Washington State Emergency

It’s a lot easier to make up rules for honest people than for dishonest people. That’s what Tim Eyman and other supporters of the Saving I-601 referendum must be thinking.

Back in 1993, Washington state’s voters passed Initiative 601, which requires a two-thirds vote of both Houses of the Legislature to raise taxes. It also limits state spending growth to inflation plus population growth. But this year, the legislature passed a bill busting the spending limits and allowing tax hikes by simple majority vote.

It’s not respectful of Washington voters, but it was within the Legislature’s power under the state’s constitution. Of course, citizens likewise have the power to put the Legislature’s action to a referendum, a vote of the people.

That’s where legislators decided to play fast and loose with the constitution.
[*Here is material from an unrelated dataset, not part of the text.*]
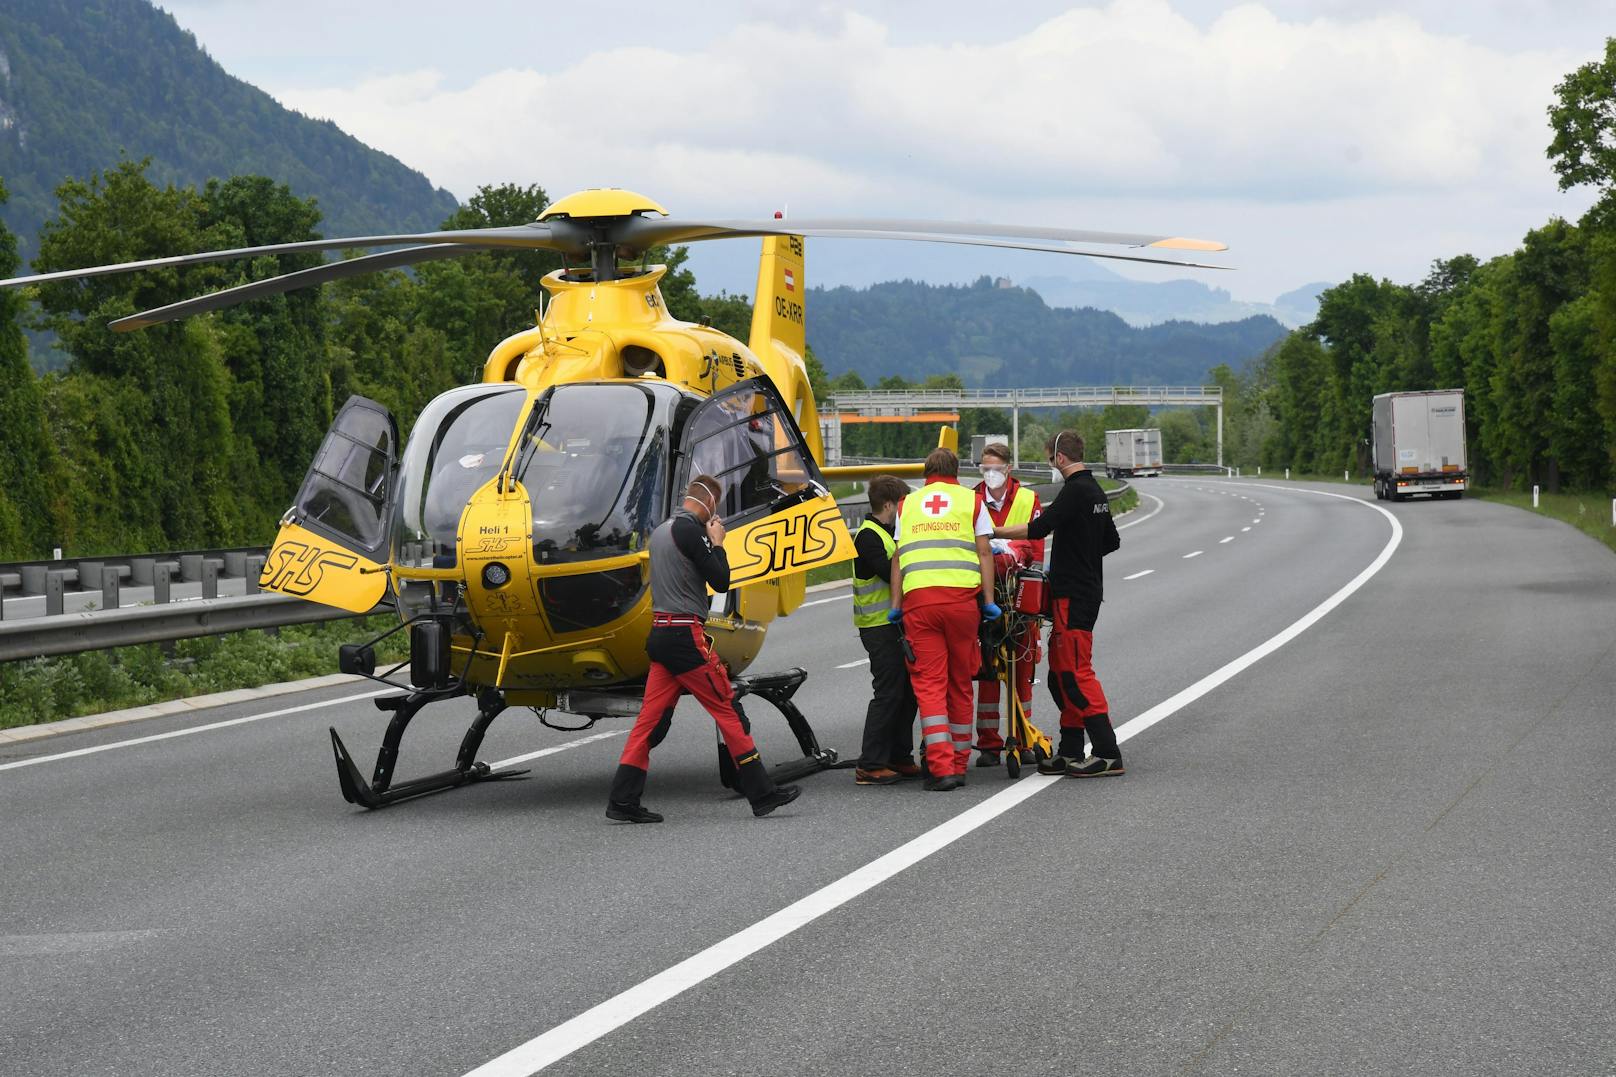 Dabei erlitt der Beifahrer, ein 29-jähriger Bosnier, tödliche Verletzungen. Der Lenker wurde mit Verletzungen unbestimmten Grades von der Rettung in das Krankenhaus Kufstein eingeliefert.

They labeled their change to the voter-enacted spending restraints “emergency” legislation.

So, when a referendum to stop the Legislature from gutting I-601 was filed, the Secretary of State rejected it. Citizens went to court. But the court ruled that the Legislature may suspend referendums whenever it wants, on the grounds of “the immediate preservation of the public peace . . . and its existing public institutions.”

Justice Richard Sanders, in a sharp dissent, called the court “openly hostile to the people’s check on the Legislature.”

Because reformers are reasonable and responsible, when they put restraints on government they provide for emergencies, so in a disaster the Legislature would be free to act. But politicians are not reasonable. Their behavior is regularly crooked. Maybe not in the criminal sense, but in every other.

This is Common Sense. I’m Paul Jacob.